** DATA PROVIDED follows **

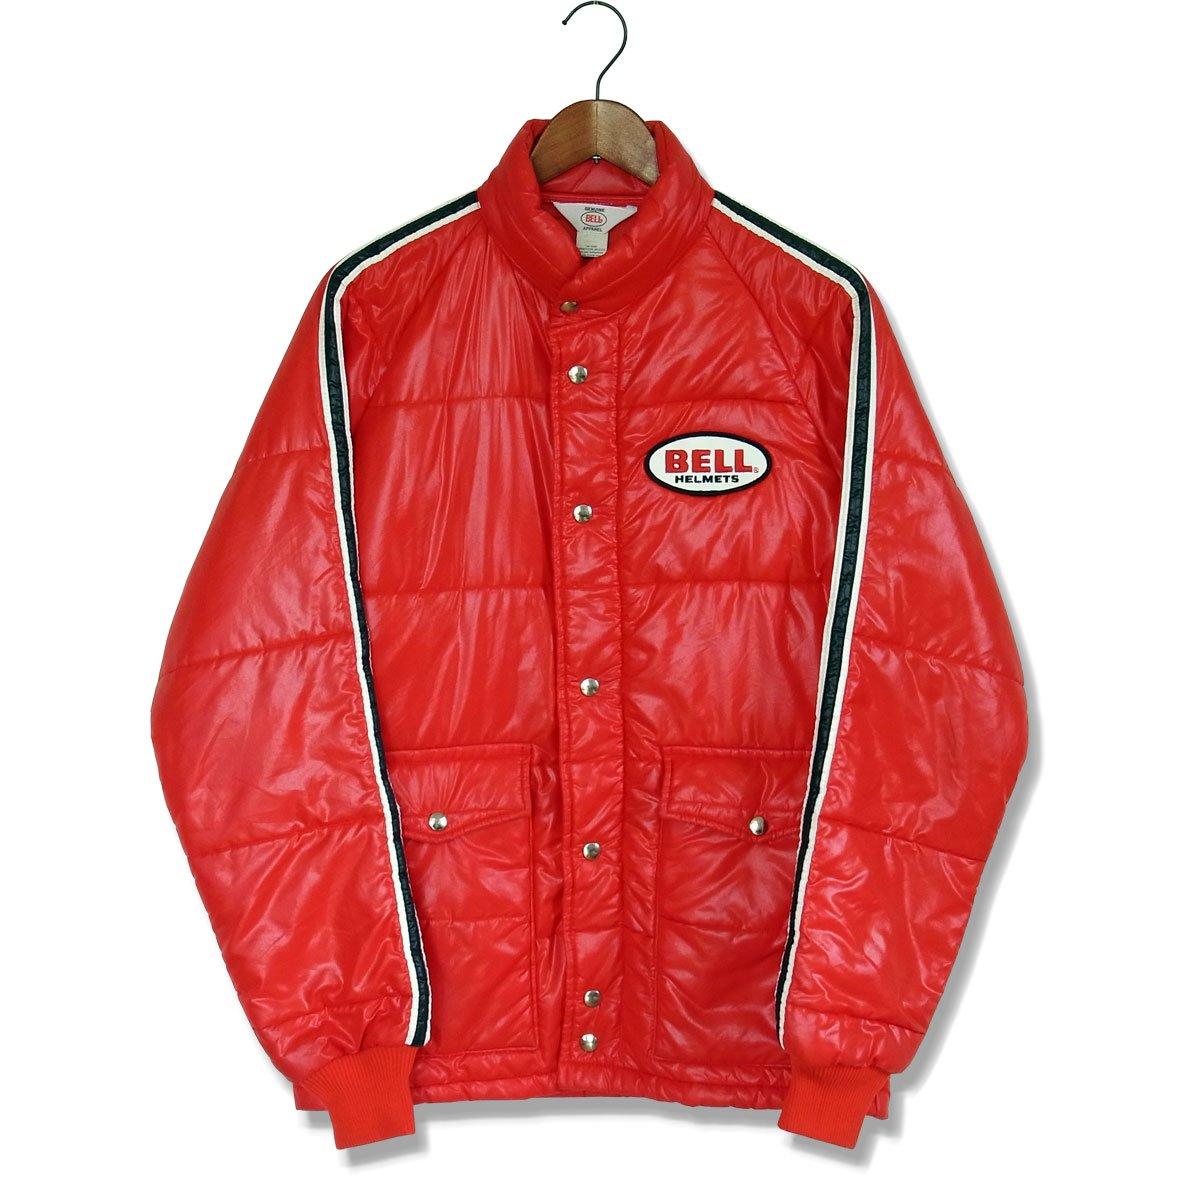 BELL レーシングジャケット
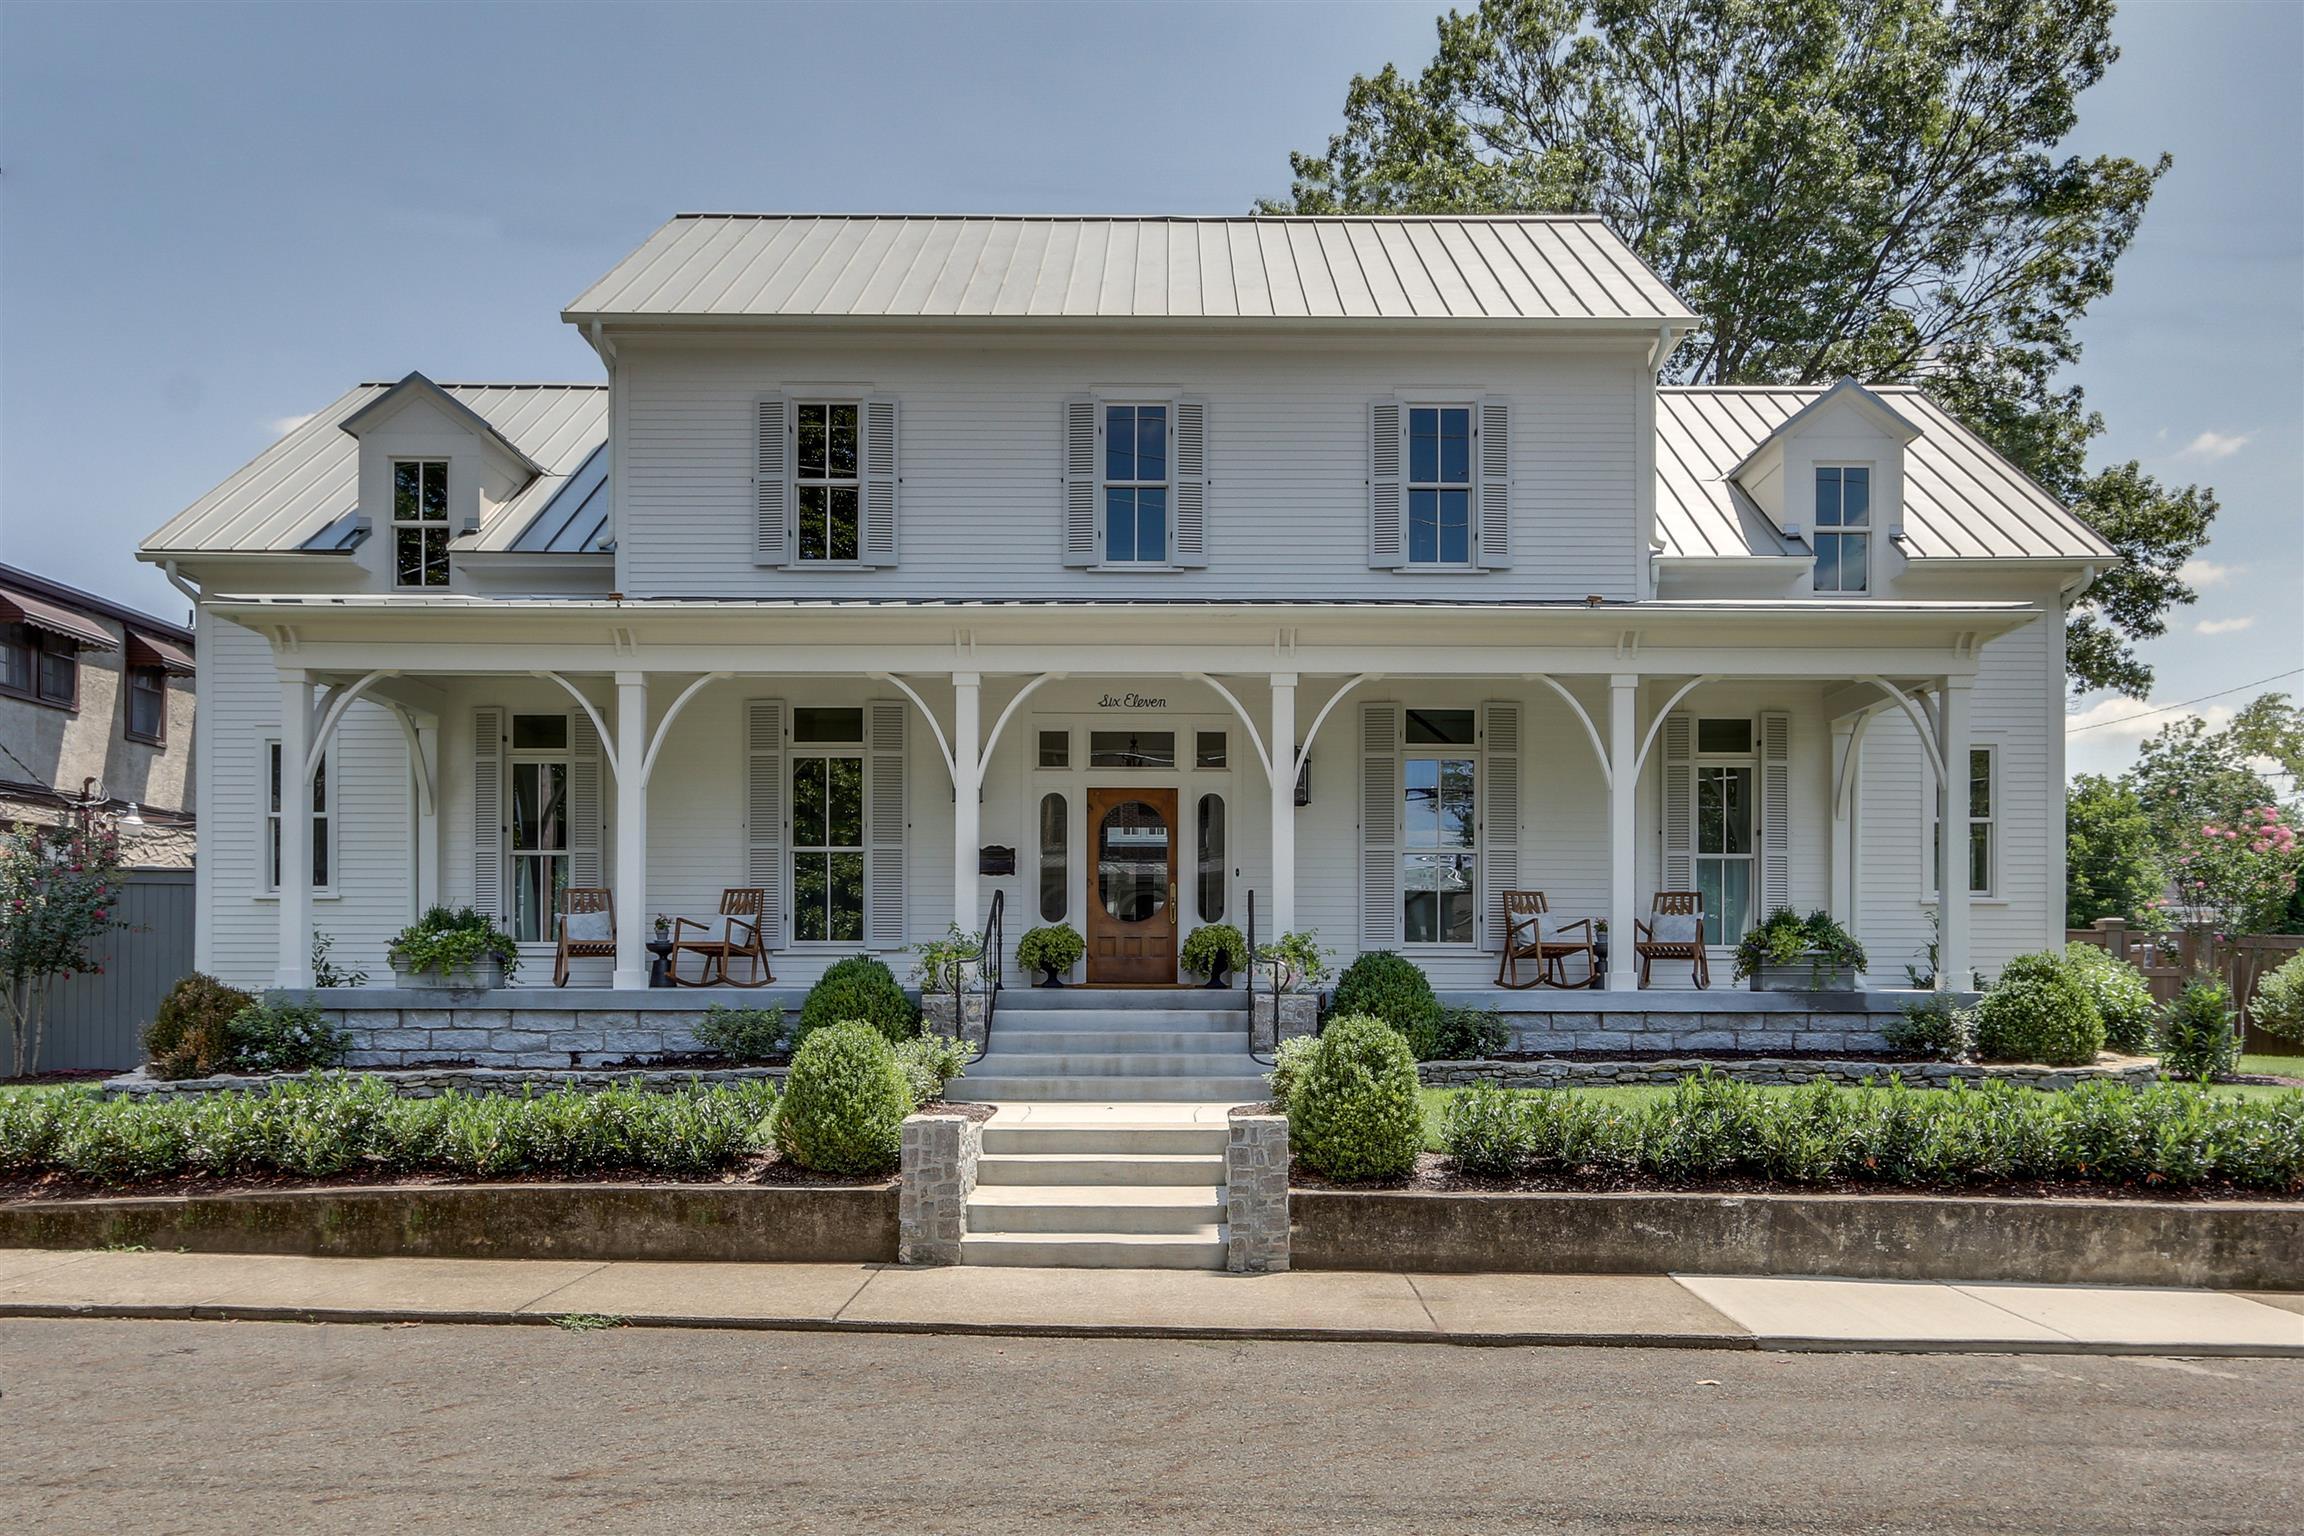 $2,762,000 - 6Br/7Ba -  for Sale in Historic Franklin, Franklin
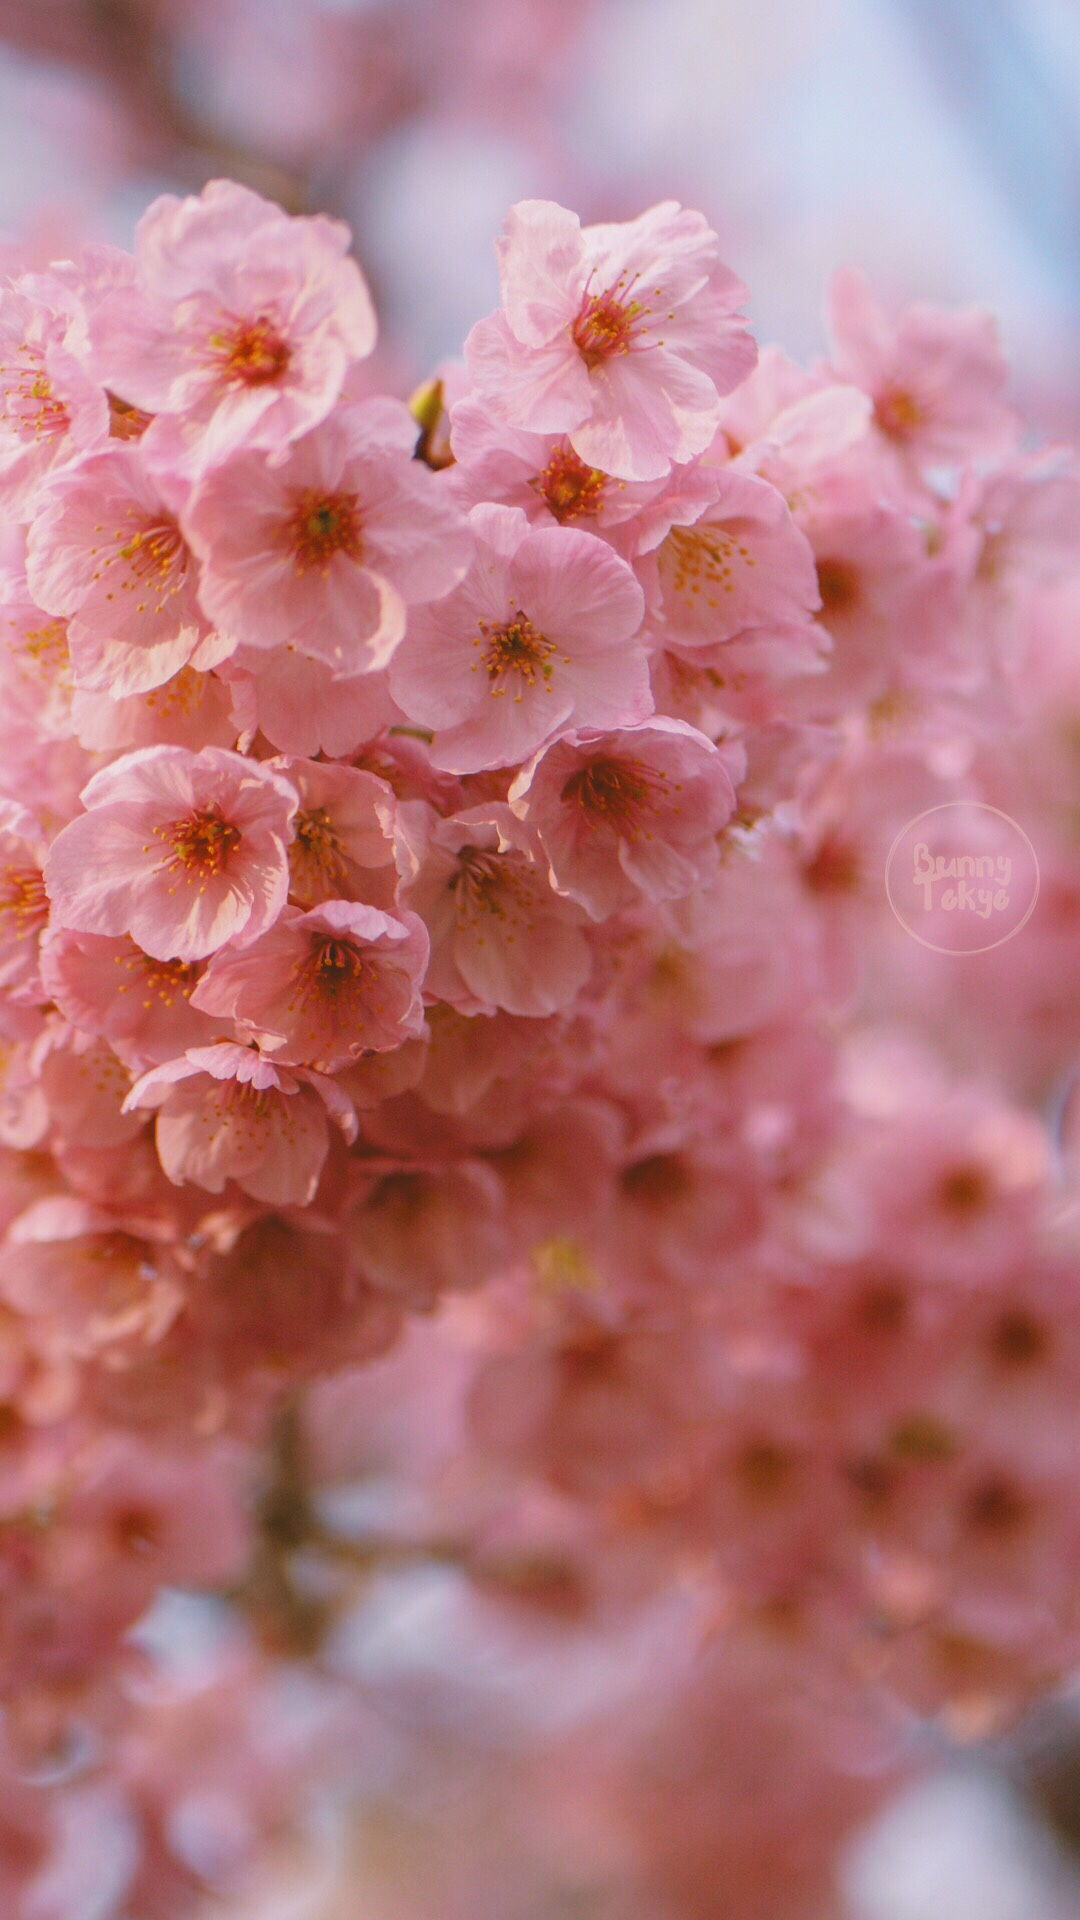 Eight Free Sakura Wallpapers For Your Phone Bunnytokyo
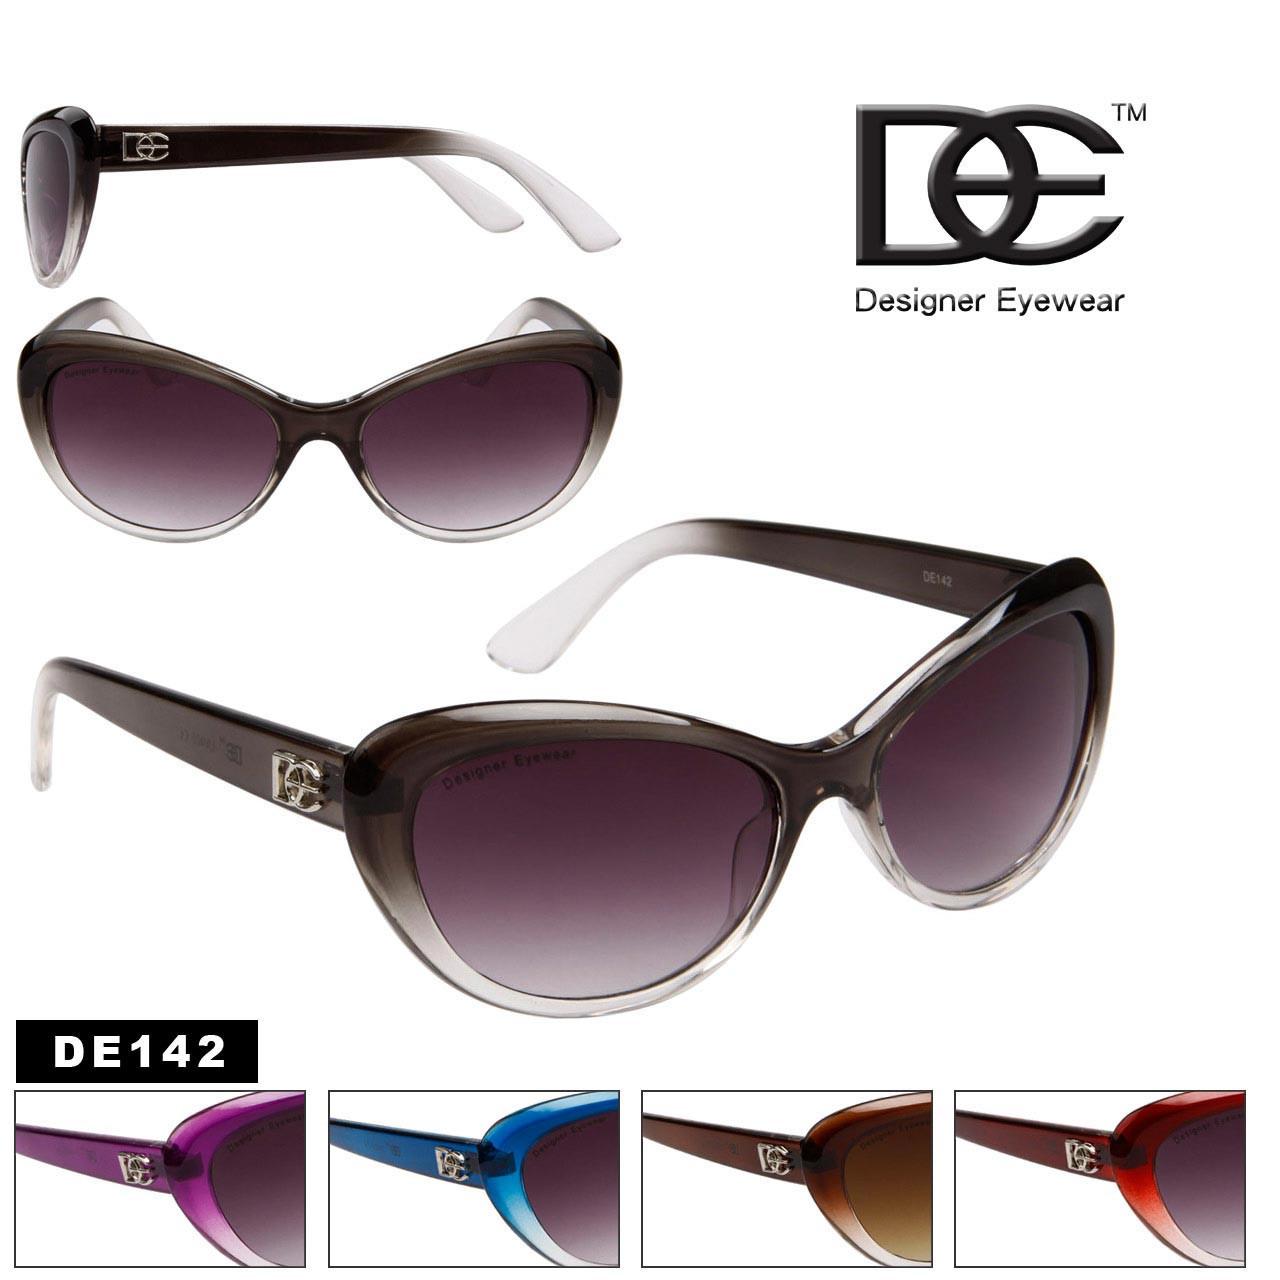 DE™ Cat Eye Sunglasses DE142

** End of DATA PROVIDED **

● **GOAL OF THE EXERCISE**: Please repeat the lines above from the line containing "Historic Franklin, Franklin" through the final line, both included, exactly as they stand and without pictures.

● **EXERCISE OUTPUT**:
 $2,762,000 - 6Br/7Ba -  for Sale in Historic Franklin, Franklin
 Eight Free Sakura Wallpapers For Your Phone Bunnytokyo
 DE™ Cat Eye Sunglasses DE142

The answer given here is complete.